Every Irish FM operator has a version of the same story. A reactive job comes in. It goes into someone’s email. It gets acknowledged. It gets assigned, eventually. Somewhere between acknowledgement and assignment, the SLA clock has been ticking — and nobody is watching it.
Then a client calls. The SLA has been breached. The relationship has taken a hit. The review meeting next month is going to be uncomfortable.
SLA breaches are not usually caused by poor service delivery. They are caused by poor visibility. The work gets done — but not in time, because nobody could see the timer running.
What SLA management actually requires
To manage SLAs properly, an FM operator needs four capabilities:
- Timer starting at the right moment. Not when the job is assigned, not when work starts — when the job is received. For reactive maintenance, the SLA clock starts at job creation. The system needs to know this and track it automatically.
- Escalation before breach. An alert that fires when a job reaches 80% of its SLA window. Not an alert when the SLA is breached — that is already too late. An alert while there is still time to act.
- Priority-based SLA tiers. Not all jobs have the same SLA. An emergency reactive job (P1) might have a 4-hour response SLA. A routine planned job (P3) might have 48 hours. The system needs to apply the right SLA based on job priority.
- Reporting for client review meetings. Monthly SLA performance reports, broken down by site, job type, and priority. Not assembled from email records — generated directly from the job management system.
The inbox problem
Managing reactive jobs from an inbox is the most common FM workflow in Ireland — and the most dangerous one for SLA compliance. Here is why:
An email inbox has no SLA awareness. It does not know that the job reported at 9:03am on a Monday has a 4-hour response SLA. It does not alert anyone at 11:00am when 2 hours have elapsed. It does not flag the job as breached at 1:03pm. It just sits there, between a supplier invoice and a tenant complaint, waiting to be opened.
The engineer who receives the job may be on site. Their inbox may not get checked until 2pm. By then, the SLA is gone.
Live SLA monitoring: what it looks like in practice
In a properly configured FM operations system, SLA management works differently:
When a job is created — whether by a tenant via a portal, a client email processed into the system, or a direct data entry — an SLA timer starts immediately.

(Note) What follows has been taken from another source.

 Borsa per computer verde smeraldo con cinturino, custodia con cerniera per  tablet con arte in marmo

The system knows the job priority (P1, P2, P3) and applies the correct SLA window.
The job appears on a live dashboard with its SLA status colour-coded: green (within SLA), amber (approaching breach, typically >80% elapsed), red (breached). Any operations manager looking at the dashboard can see the SLA status of every open job at a glance.
At configurable thresholds — say, 80% of the SLA window elapsed — an automated alert fires to the assigned engineer and their line manager. The alert does not require anyone to check a report. It arrives because the system knows the timer is running.

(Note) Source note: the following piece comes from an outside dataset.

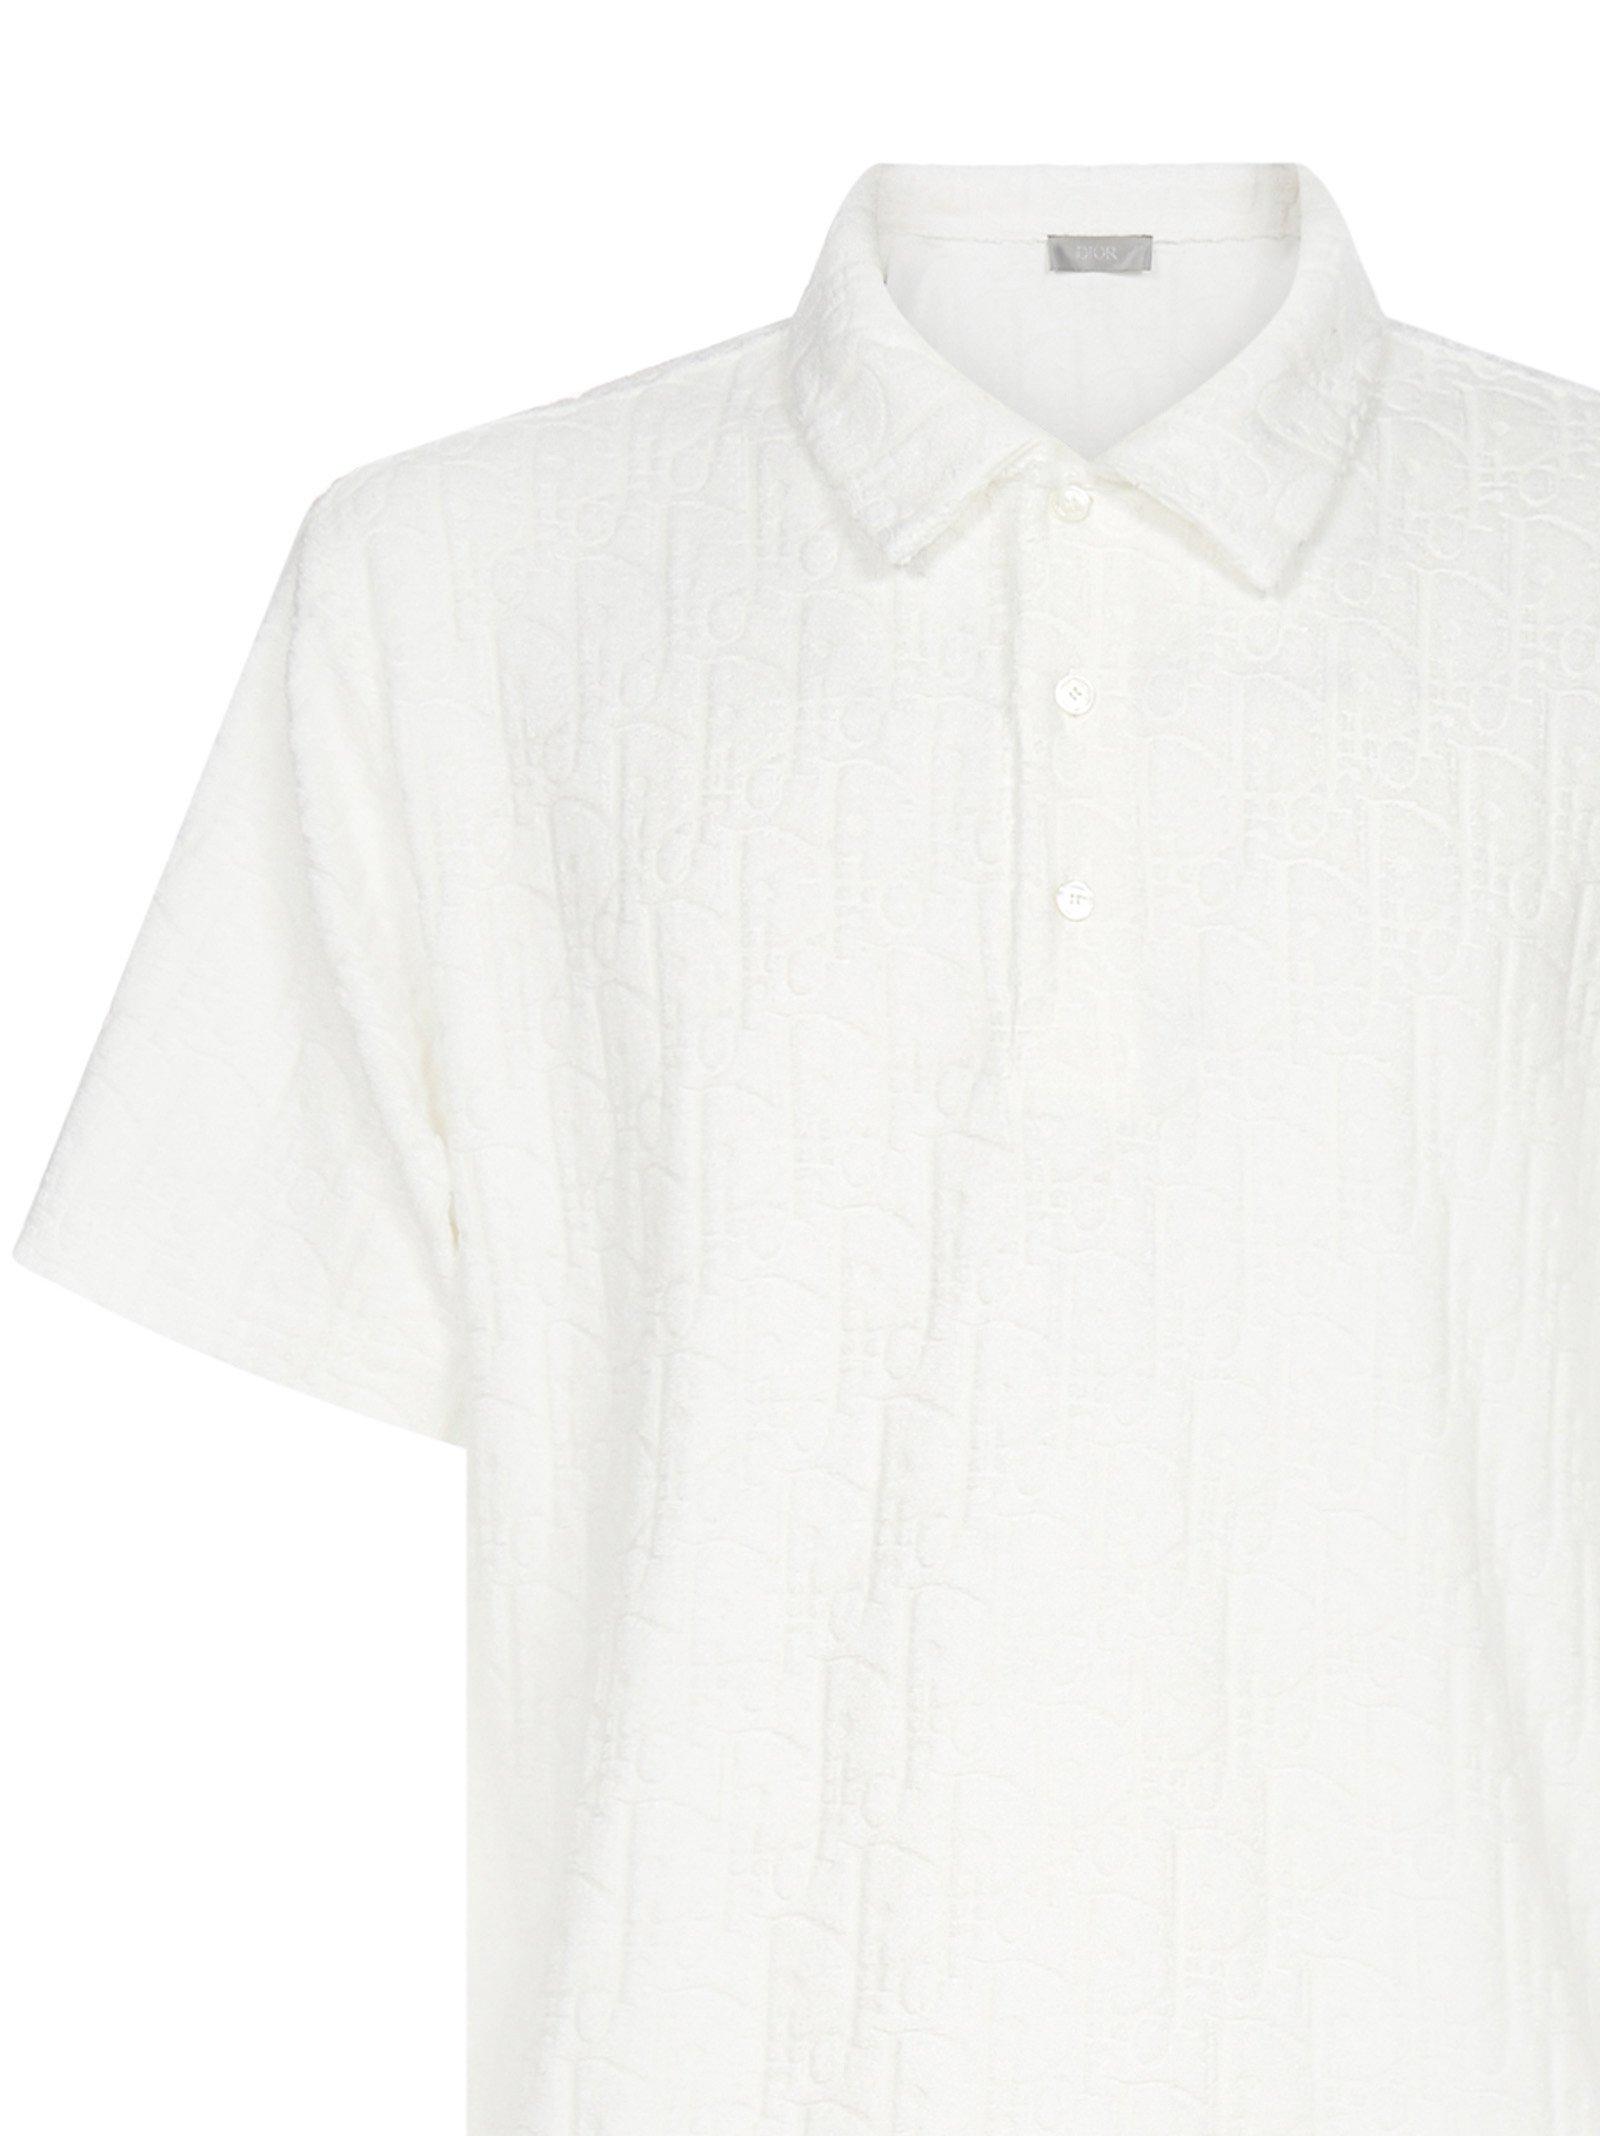 Dior Oversized Oblique T-Shirt White

This shifts SLA management from reactive (finding out after a breach) to proactive (preventing breaches before they happen).
Planned preventative maintenance and SLA
PPM compliance is a different kind of SLA — one defined by asset maintenance intervals rather than response times. A boiler that requires a 6-monthly service has a compliance deadline twice a year. A fire alarm test may be required quarterly. A lift inspection may be annual.

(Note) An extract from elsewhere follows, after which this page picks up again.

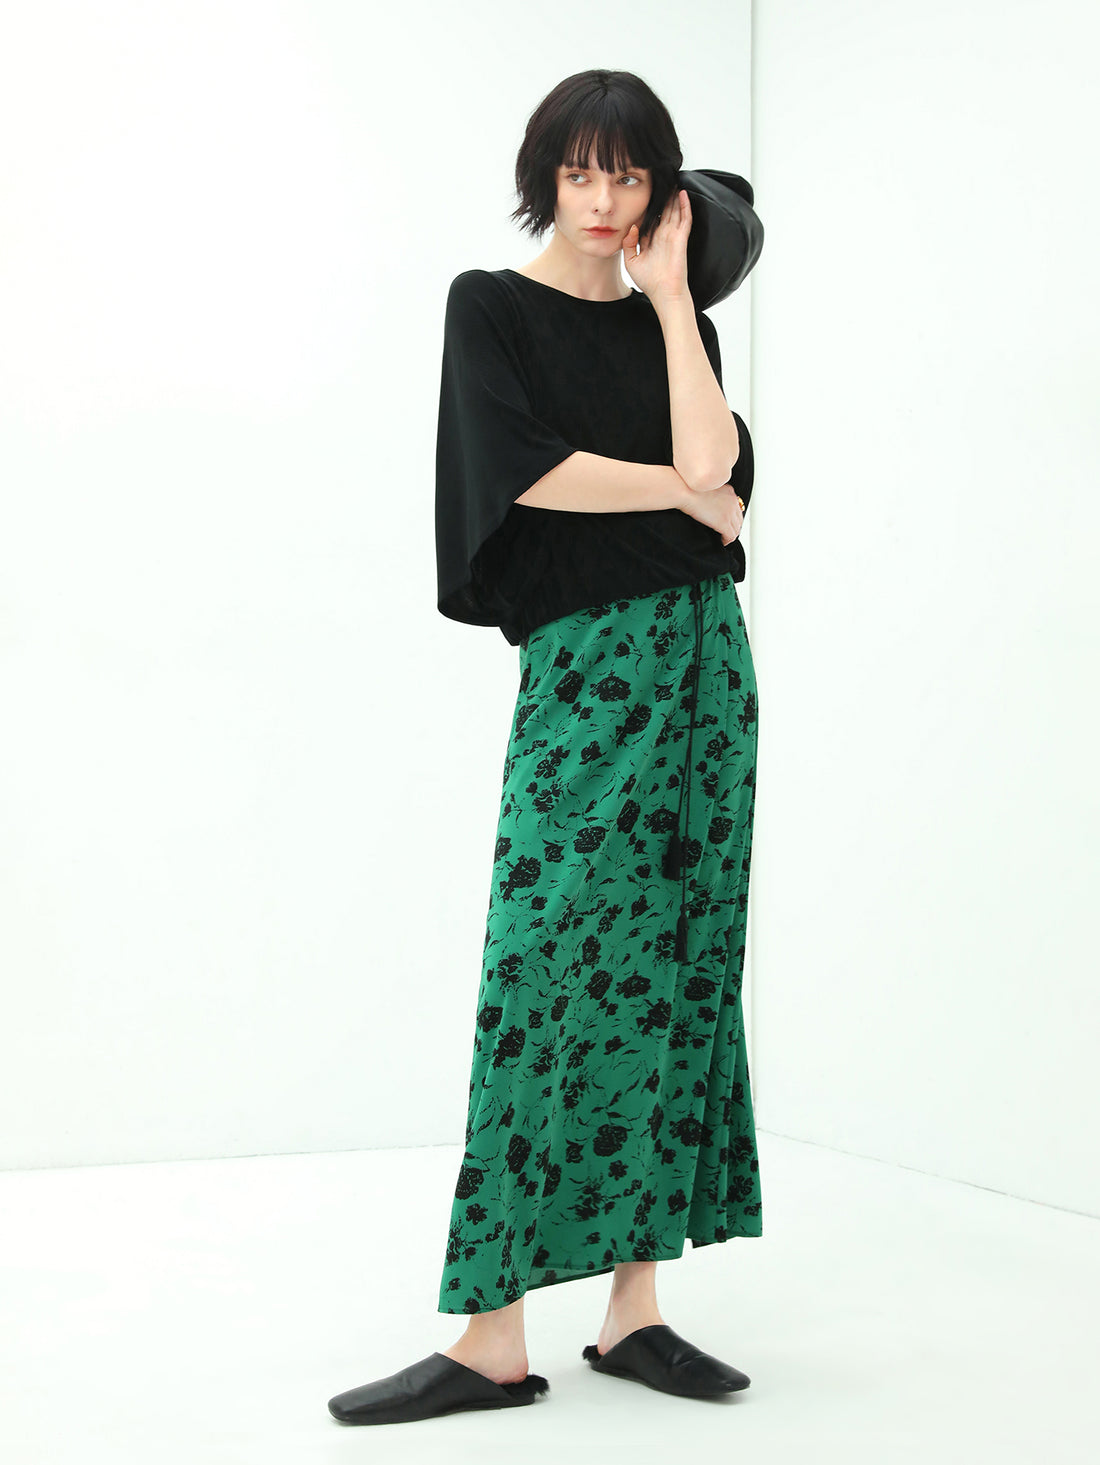 Floral Green and Black High-Waist Midi Skirt

When PPM schedules are managed in spreadsheets, the pattern is consistent: visits get missed, compliance records are incomplete, and audit preparation is painful. When they are managed in a connected system, work orders are generated automatically against the schedule, engineers are assigned, and completion is recorded with documentation.
The compliance record is built as a by-product of doing the work — not assembled after the fact.
What SLA performance data reveals
Once you have SLA tracking in place, the data that accumulates is valuable beyond compliance. You can see which sites consistently generate P1 jobs. Which engineers have the best response rates. Which job types are most likely to breach. Which clients generate the most reactive work.
This intelligence changes how FM contracts are priced and staffed. It makes the case for PPM investment on specific assets. It gives you the evidence to have honest conversations with clients about their sites.
Managing SLAs is not just about avoiding contract penalties. It is about running a better FM operation — and the data is how you know you’re doing it.